- Pandura Location in Uttar Pradesh, India
- Coordinates: 26°59′31″N 79°01′50″E﻿ / ﻿26.99204°N 79.03053°E
- Country: India
- State: Uttar Pradesh
- District: Mainpuri
- Tehsil: Karhal

Area
- • Total: 3.239 km^{2} (1.251 sq mi)

Population (2011)
- • Total: 1,013
- • Density: 312.8/km^{2} (810.0/sq mi)
- Time zone: UTC+5:30 (IST)

= Pandura, Uttar Pradesh =

Village in Uttar Pradesh, India

Pandura is a village in Karhal block of Mainpuri district, Uttar Pradesh. As of 2011, it has a population of 1,013, in 162 households.

== Demographics ==
As of 2011, Pandura had a population of 1,013, in 162 households. This population was 53.2% male (539) and 46.8% female (474). The 0-6 age group numbered 163 (89 male and 74 female), or 16.1% of the total population. 277 residents were members of Scheduled Castes, or 27.3% of the total.

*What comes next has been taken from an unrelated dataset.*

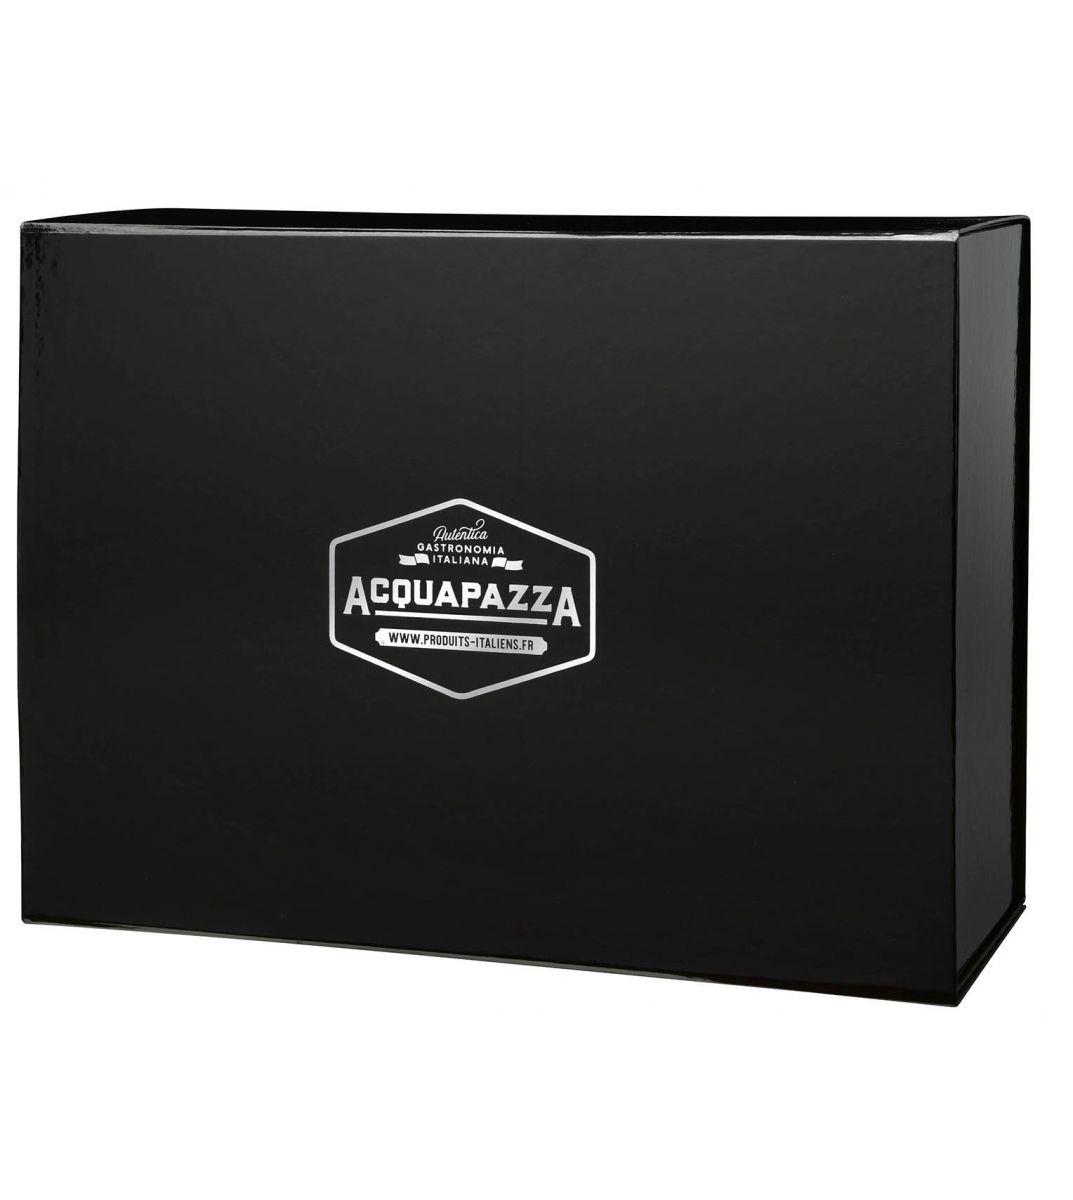 grande bo te cadeau acquapazza 30x40x15. Black Bedroom Furniture Sets. Home Design Ideas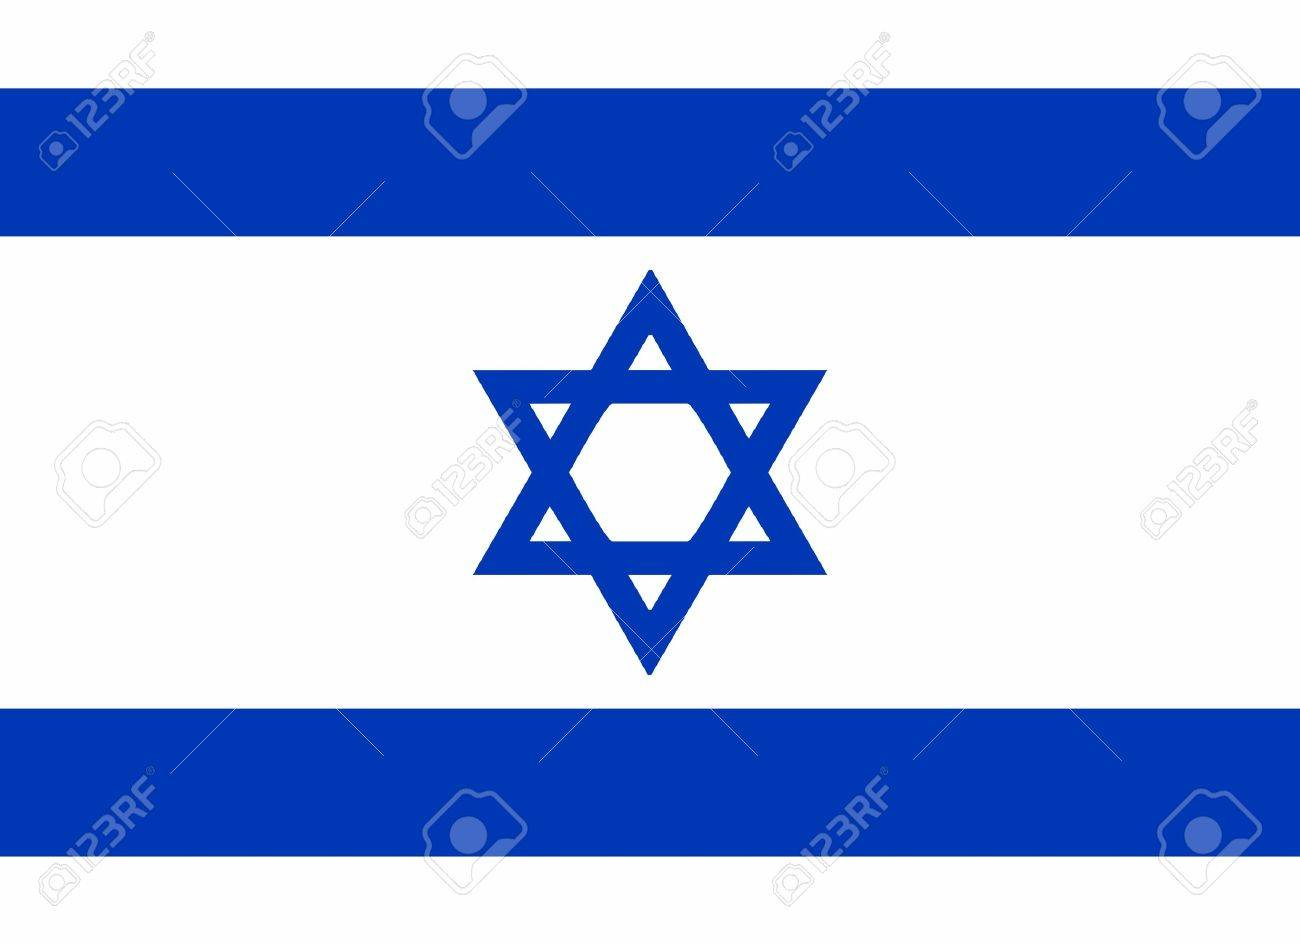 Native Speaker Hebräisch - Flagge

The 1981 census recorded Pandura as having a population of 594 people, in 101 households.

The 1961 census recorded Pandura as comprising 3 hamlets, with a total population of 500 people (260 male and 240 female), in 94 households and 88 physical houses. The area of the village was given as 804 acres.

== Infrastructure ==
As of 2011, Pandura had 1 primary school and 1 maternity and child welfare centre. Drinking water was provided by well and hand pump; there were no public toilets. The village had a post office and public library, as well as at least some access to electricity for all purposes. Streets were made of both kachcha and pakka materials.